I'm getting this error with mistral
Plain Text
BadRequestError: Error code: 400 - {'object': 'error', 'message': 'After the optional system message, conversation roles must alternate user/assistant/user/assistant/...', 'type': 'BadRequestError', 'param': None, 'code': 400}

and in the logs of vllm :
ERROR 10-07 16:26:22 serving_chat.py:155] Error in applying chat template from request: After the optional system message, conversation roles must alternate user/assistant/user/assistant/...

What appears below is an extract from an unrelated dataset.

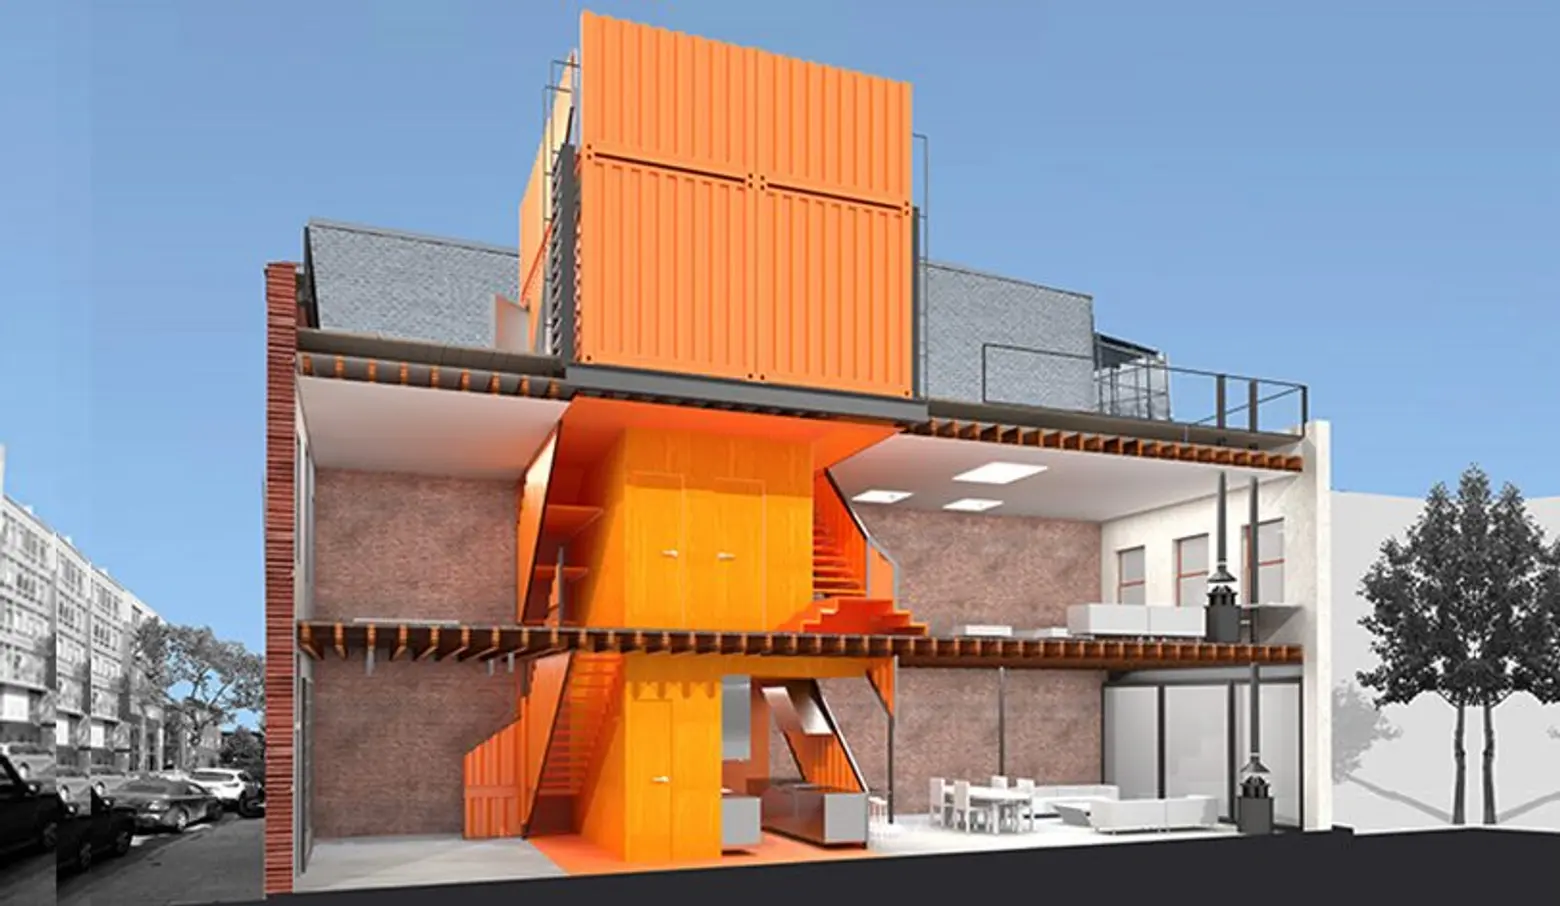 LOT-EK shipping container brooklyn carraige house, shipping container architecture, lot-ek, lot-ek nyc
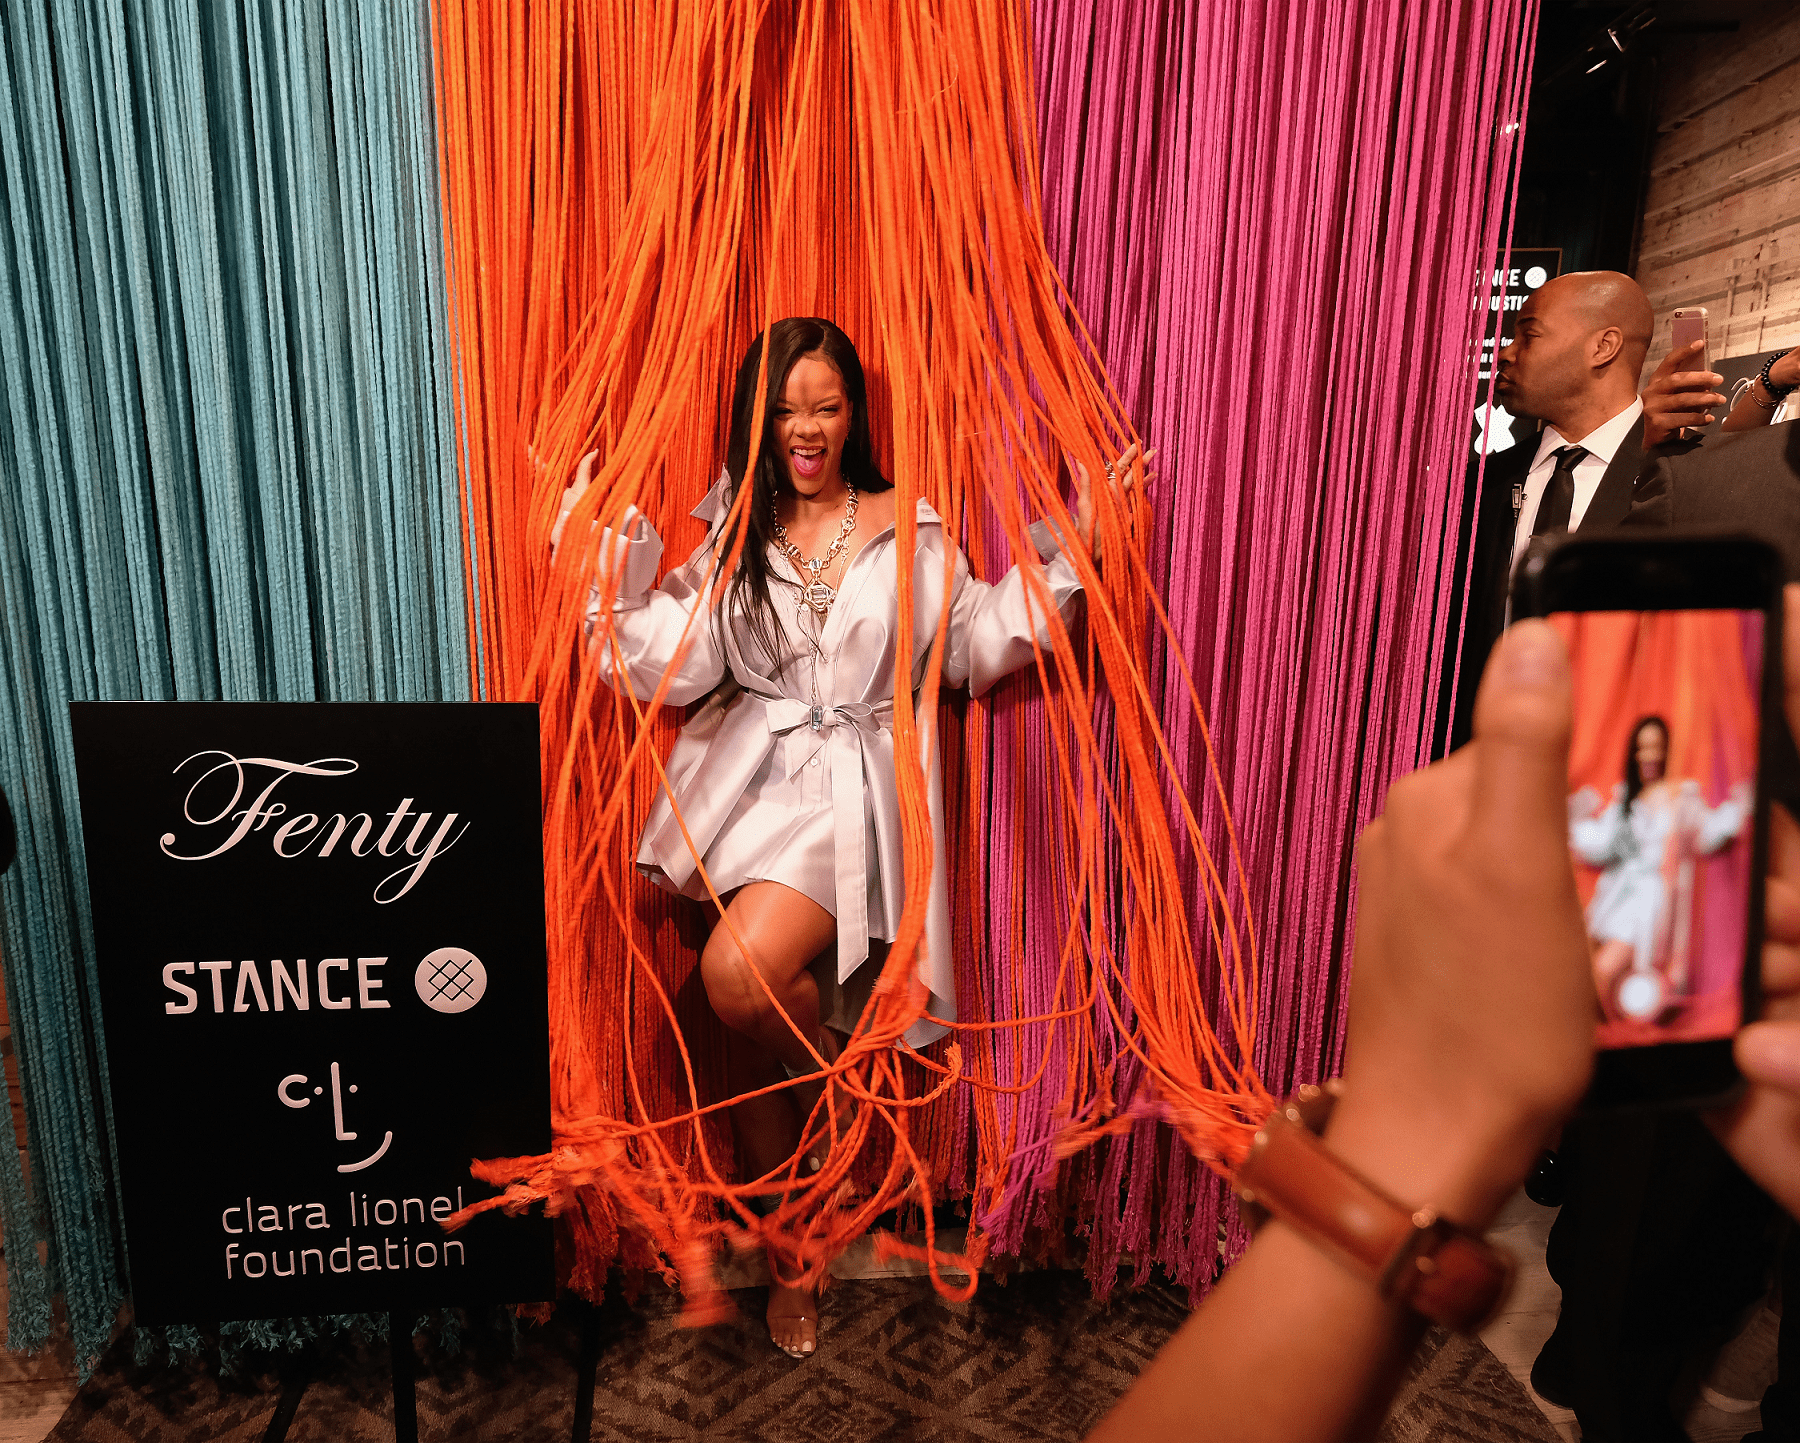 An animated Rihanna poses against a colorful backdrop at an event in 2018

/home/miniconda3/envs/lib/python3.10/json/encoder.py:249: RuntimeWarning: coroutine 'AsyncMultiModalItemTracker.all_mm_data' was never awaited
markers, self.default, _encoder, self.indent,
RuntimeWarning: Enable tracemalloc to get the object allocation traceback
INFO: 127.0.0.1:48298 - "POST /v1/chat/completions HTTP/1.1" 400 Bad Request
I get the same error indeed

INFO: 127.0.0.1:48290 - "POST /v1/chat/completions HTTP/1.1" 200 OK
ERROR 10-07 16:28:56 serving_chat.py:155] Error in applying chat template from request: After the optional system message, conversation roles must alternate user/assistant/user/assistant/...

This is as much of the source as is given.